Thainá Cristina de Souza da Cruz, 20, Natal (RN)

"Por ser evangélica, tenho uma vida um pouco diferente da maioria dos meus amigos. A primeira coisa é que não saio como eles, vou de casa para o colégio e vice-versa. Por causa disso, já fui chamada de antissocial, muitos dizem que sou desconectada do mundo, que sou calada, que só falo com as meninas da igreja. Tudo o que faço é em nome da minha fé. Já tive vontade de fazer coisas que não posso, como ouvir música do mundo, ver TV, usar blusa regata ou maquiagem, mas tenho um propósito mais forte para seguir as minhas convicções. Há sete anos, conheci um garoto da minha igreja, filho de pastor. Nós nos apaixonamos. Como nos guardamos, acabamos casando cedo, aos 18 anos, e hoje já temos uma filha. Sei que a maioria das garotas da minha idade ainda não tem uma família, mas sou feliz assim."

Cauan Silva, 12, Recife (PE)

"Meus pais são cristãos e conheci o Islã estudando história. Decidi por conta própria virar muçulmano há quatro meses. Isso mudou muito a minha vida. Conheci pela internet os jovens muçulmanos com quem converso, Meus amigos não religiosos e os que têm outra crença praticamente pararam de falar comigo. Não me chamam para nada, nem mesmo para praticar esportes. E isso eu posso fazer, desde que não sejam modalidades violentas. Essa mudança me chateou. No começo, sofri muito, agora acostumei. Meu interesse principal é seguir todas as leis que conheço e as que estou aprendendo na religião. Eu me concentro muito no momento das minhas orações, faço minhas preces em casa e, quando há uma comemoração na mesquita, meus pais me levam, sempre que possível."

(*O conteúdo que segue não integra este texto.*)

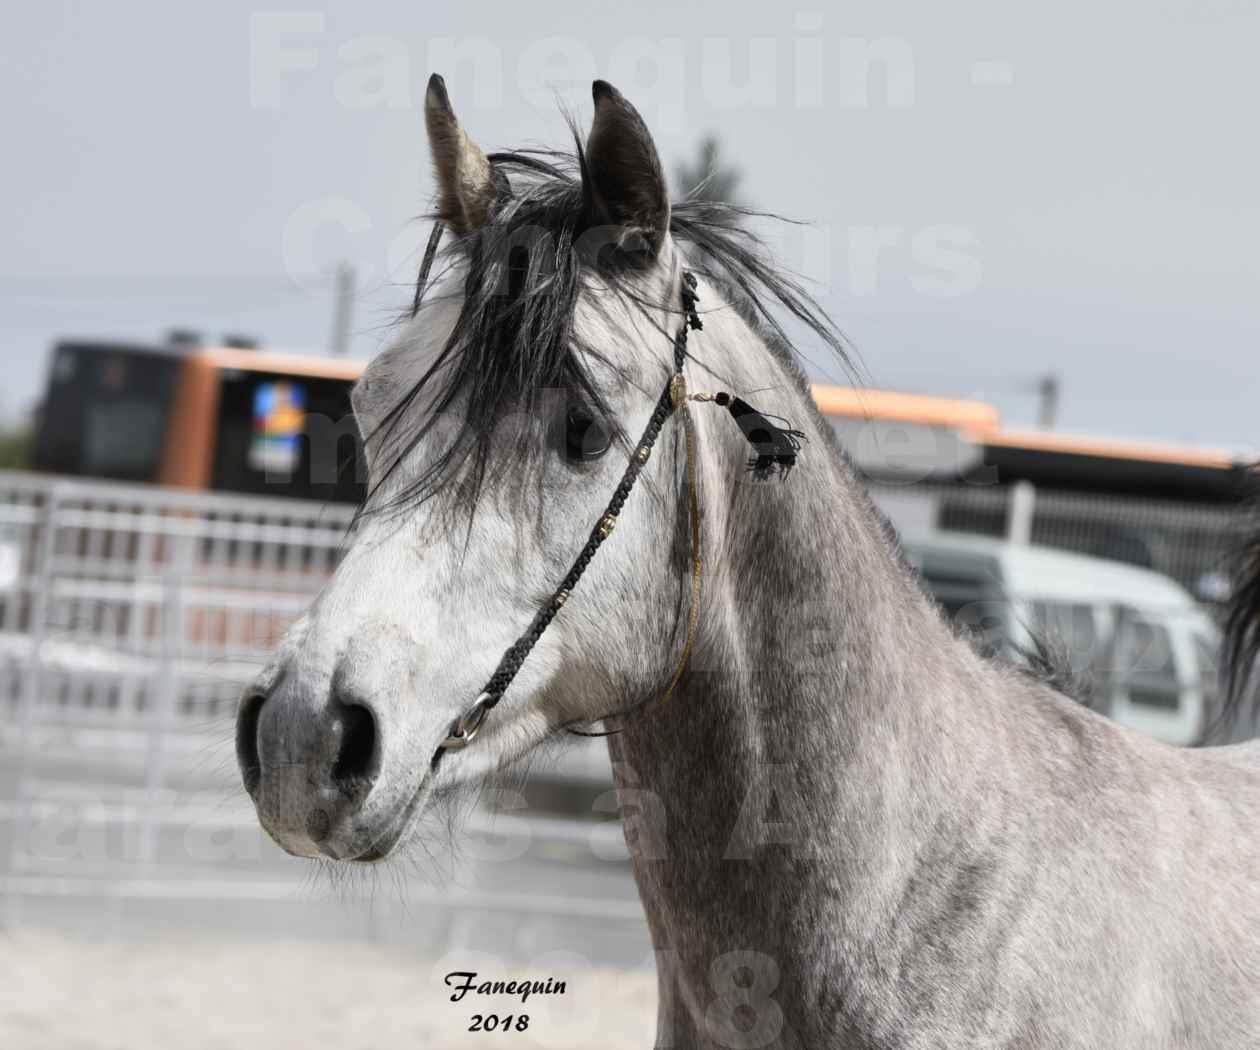 Concours d'élevage de Chevaux Arabes - Demi Sang Arabes - Anglo Arabes - ALBI les 6 & 7 Avril 2018 - FLORAC LARZAC - Notre Sélection - Portraits - 7

Ana Federige, 16, Ribeirão Pires (SP)

"Sou evangélica e na minha religião não me proíbem de nada. Por outro lado, sei que preciso ter respeito, comigo mesma e com os outros. Então, não faço coisas que muitos jovens fazem, como beber e ficar com garotos. Também não uso roupa curta nem decote, mas ninguém me obrigou. Na verdade, além de frequentar a igreja, trabalho lá, então, minha responsabilidade é maior, preciso dar o exemplo. Na comunidade fora da igreja, não participo de festas que são focadas na adoração de santos, como festas juninas, justamente por não crer em santos. Ainda assim, posso dizer que tenho uma boa convivência com quem não é da minha religião, apenas não saímos juntos, pois pensamos diferente."